The deal is expected to be finalized in the second half of 2021, subject to shareholder and regulatory approvals. Notably, upon close of the deal, Marvell plans to reorganize that will result in the company being domiciled in the U.S. (something that could help with U.S. regulatory approval) rather than in Bermuda, where it is currently domiciled.
We believe this to be a highly complementary deal as it will result in Marvell combining its infrastructure semiconductor solutions with Inphi's cutting edge high-speed data movement technologies. The move will also provide Marvell the ability to double the number of its $100 million+ cloud & networking customers to eight over the next 1-2 years. In addition to the customer adds, management expects the deal to result in $125 million in combined annual run-rate cost synergies within 18 months post close.
Speaking during a conference call this morning to discuss the deal, CEO Matt Murphy commented that "Marvel's vision is to move store, process and secure the world's data, faster and more reliably than anyone else and this acquisition significantly accelerates the move element in our vision. The combined company will be the premiere enabler of high speed data movement which forms the connective fabric of our global data infrastructure and enables the data economy." Additionally, Murphy believes the deal "will be as transformational for Marvel in the cloud market as Cavium was for us in the 5G market."
"Today our solutions move big data fast inside and between cloud data centers and around the world in 5G and telecom networks.
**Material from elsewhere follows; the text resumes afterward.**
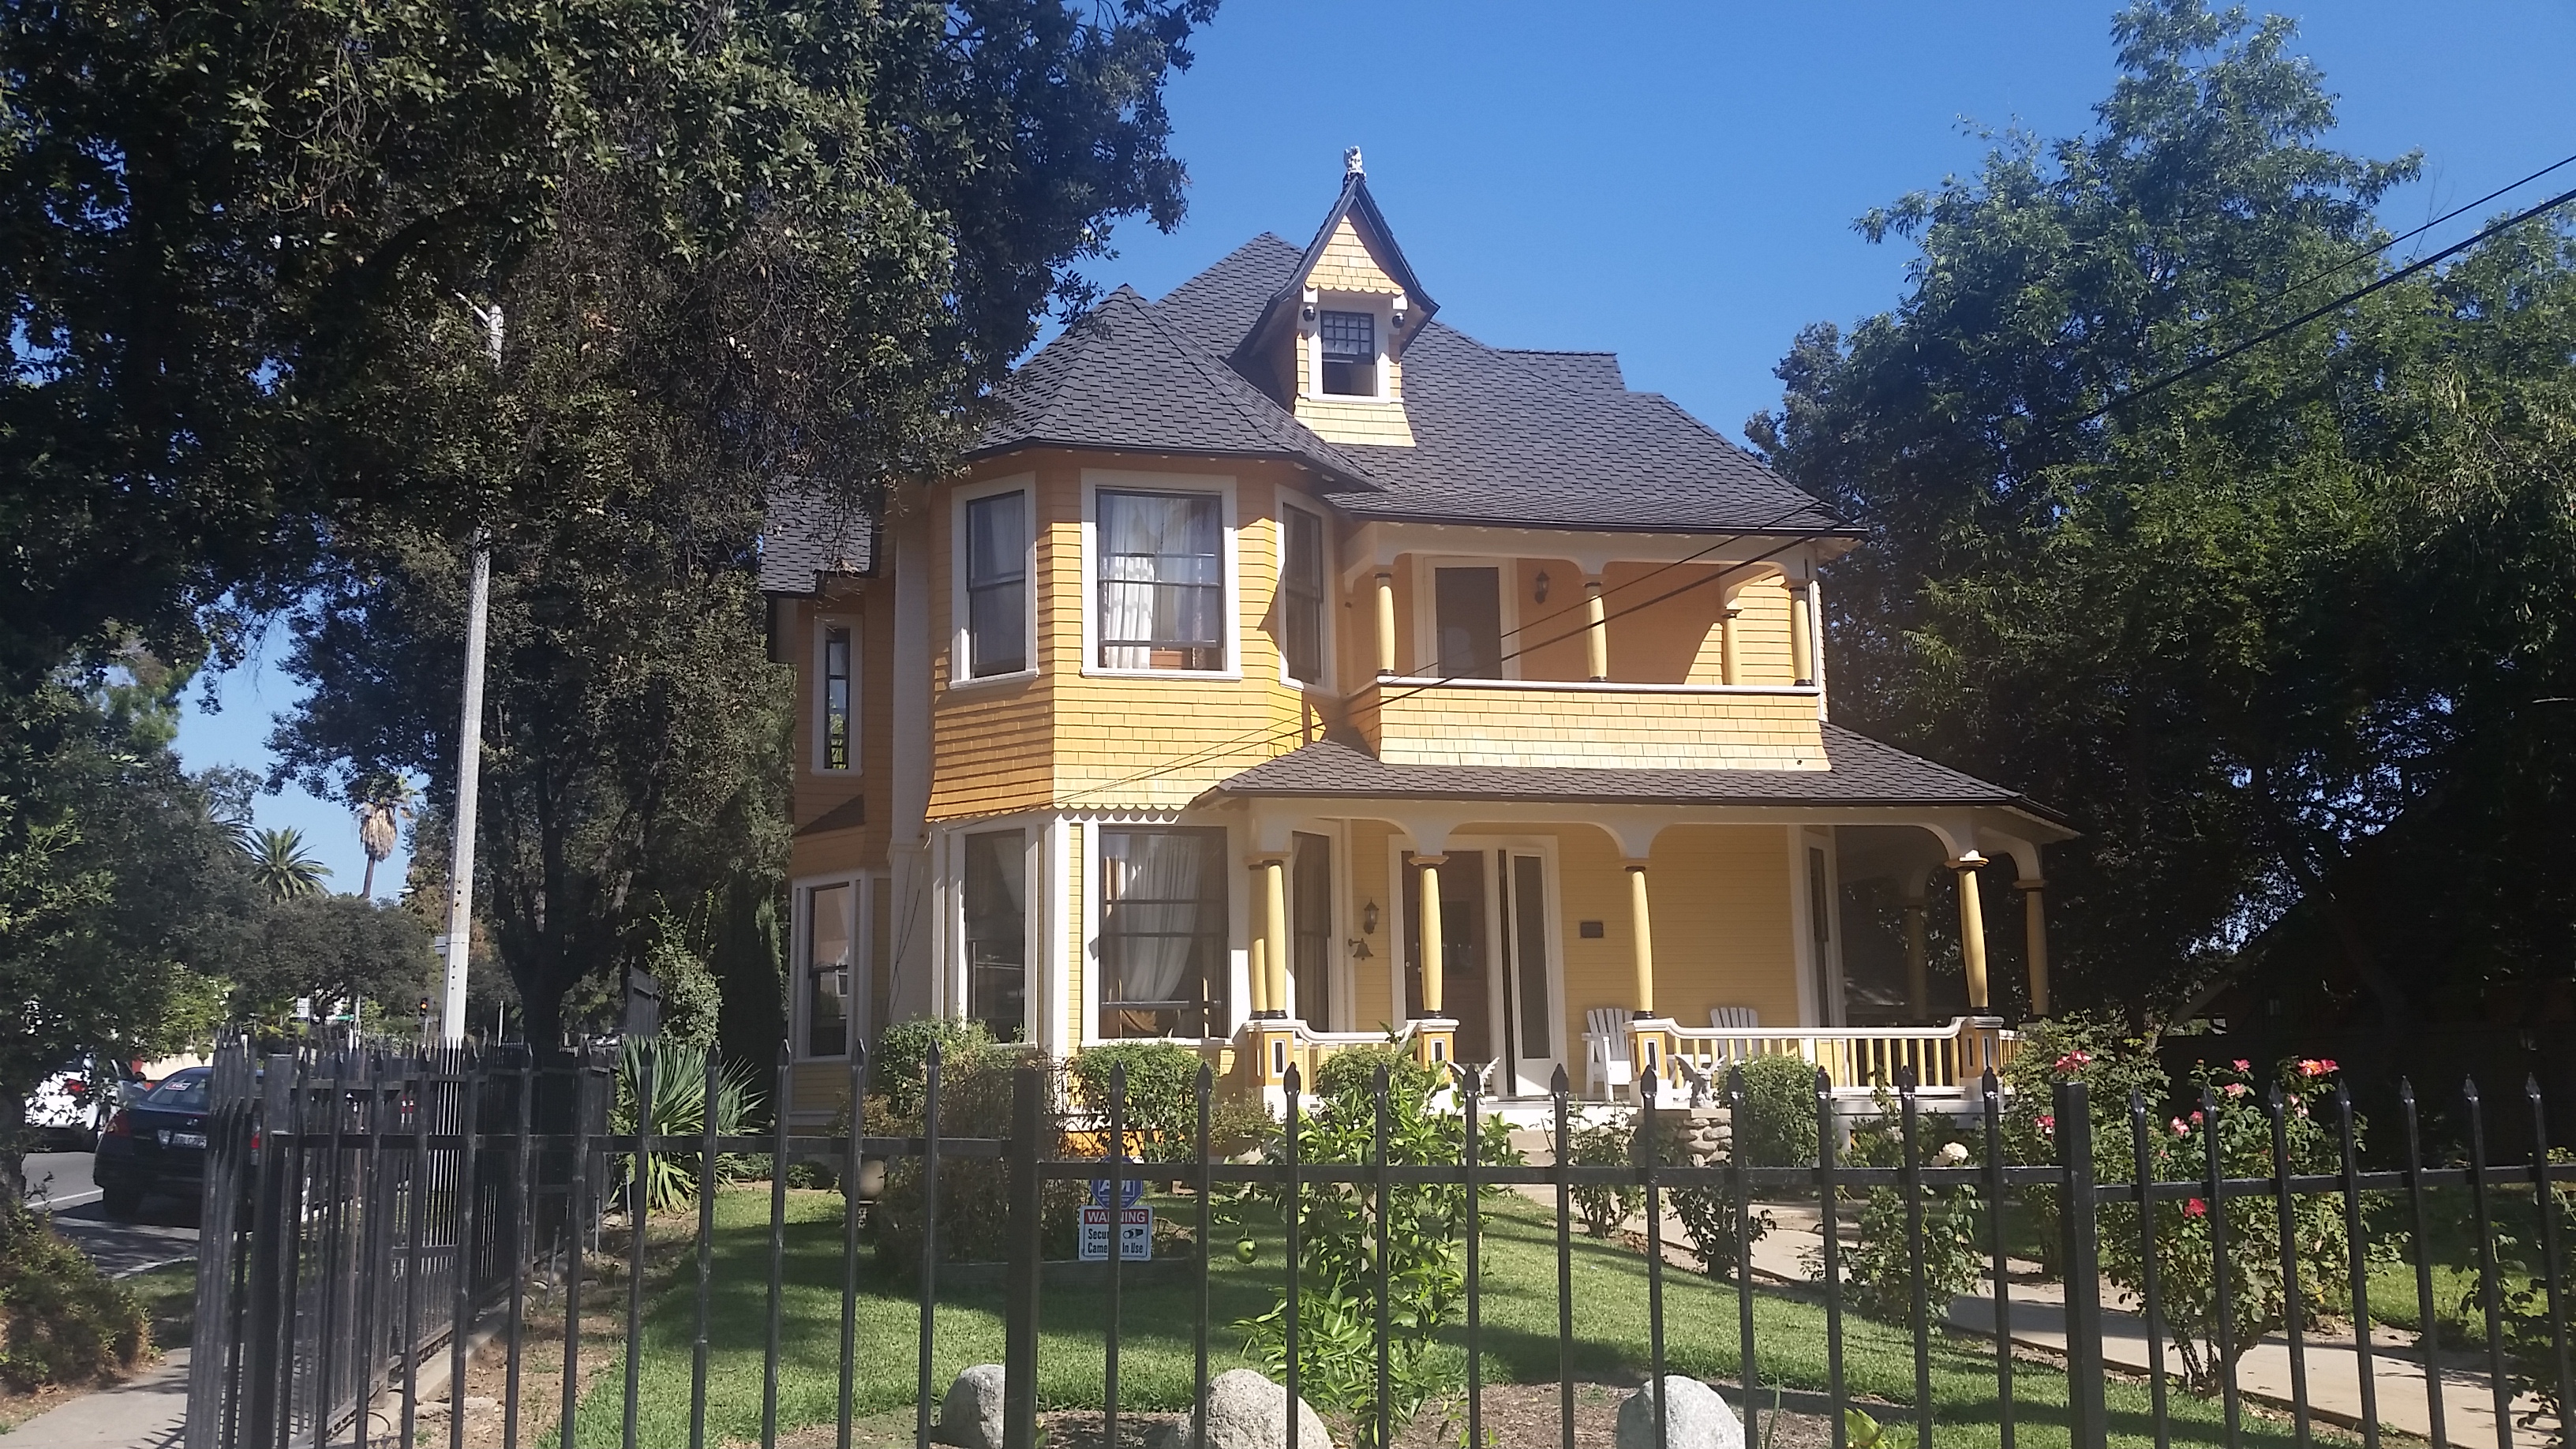 The Ernest Wood House in October 2015

As Marvell and Inphi discussed our plans to combine, it became very clear that both companies share a similar vision to enable the massive increase in bandwidth and benefit from the long-term secular growth in data infrastructure moving to the cloud," added Inphi CEO Ford Tamer, who will be joining Marvell's board. "Inphi technologies provide the critical data movement interconnect between the three primary domains in thousands of data centers around the world; compute, storage and networking. All these functions are perfectly synergistic with Marvell's data infrastructure platform."
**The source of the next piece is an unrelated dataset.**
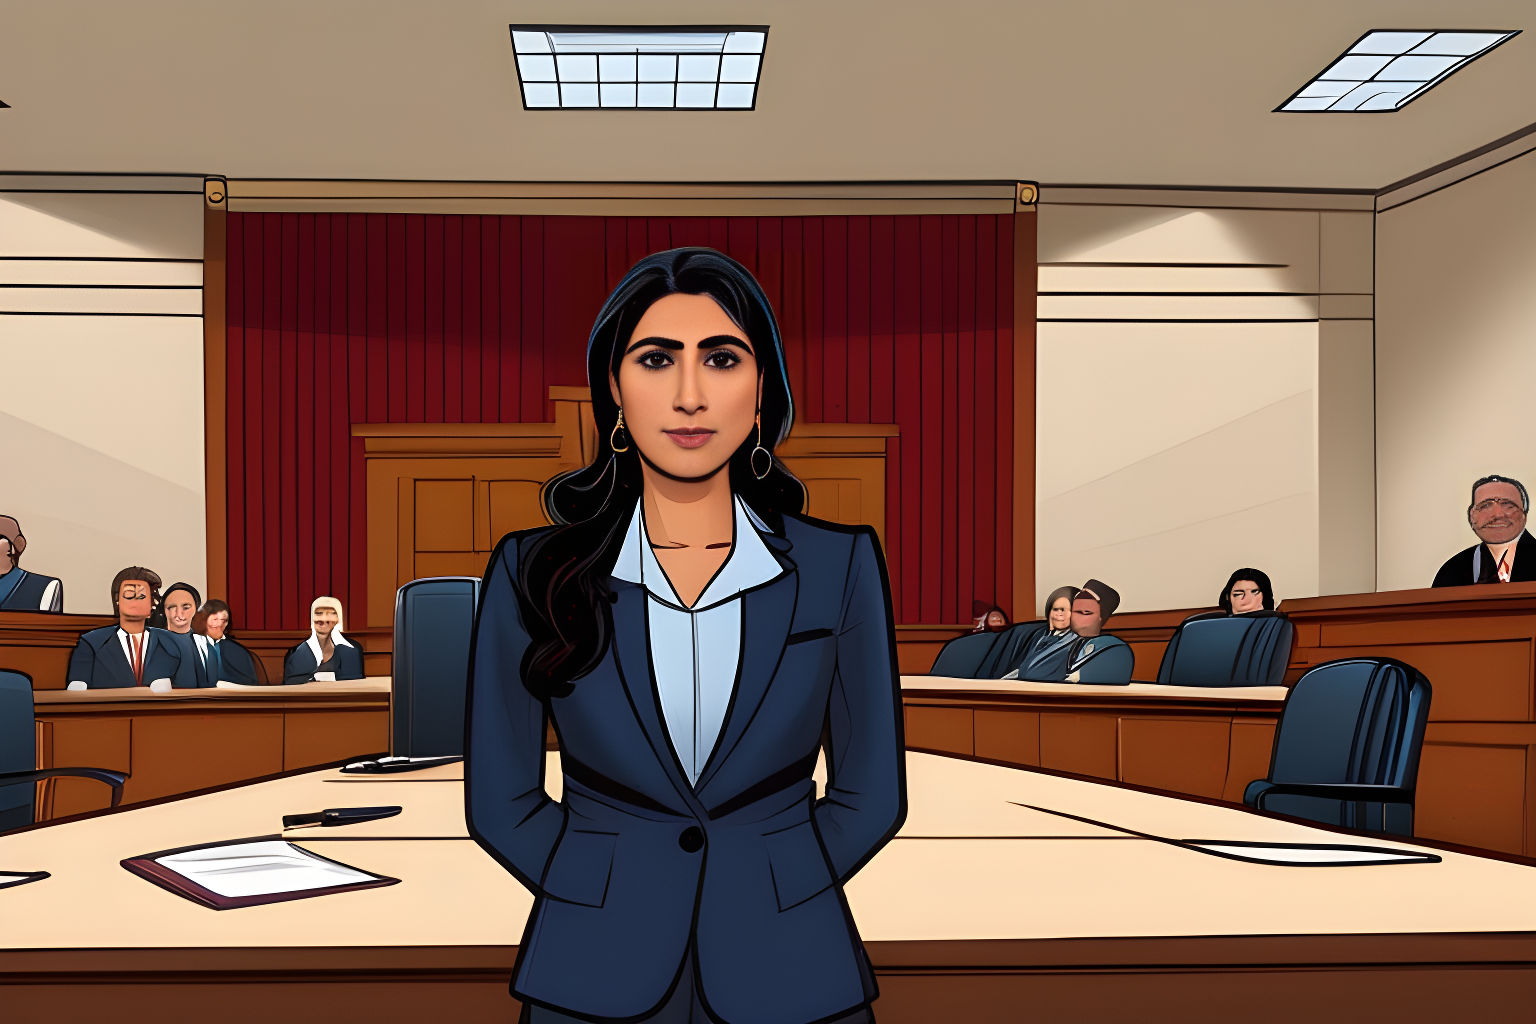 Breathtaking wide-frame shot of the FTC's Lina Khan in a full court room.

While shares are under pressure on news of the deal, we like the move and believe it in line with management's ongoing initiative to transform the company and reposition it to increase exposure to larger and faster growing end markets. To this point, Inphi generates over 70% of sales from cloud and 5G related sales, and the addition of this business is expected to increase Marvell's addressable services market from $20 billion in CY23 to $23 billion, bringing its compounded annual growth rate (CAGR) to 12% (up from the 9% forecasted during the investor day earlier this month).
Lastly, we note that with this release, Marvell provided preliminary 3Q21 guidance, with management expecting revenues of $750 +/- 2%, which at the midpoint was a tad short light versus the $751 million consensus. However, while this may be attributing to today's decline, we believe it near-sighted and view the action as an opportunity for those looking to gain exposure or reduce their cost basis. Inphi reported strong numbers with their own earnings release with record revenues, and the move will accelerate Marvell's growth while increasing exposure to the very crucial data center, cloud and 5g end markets.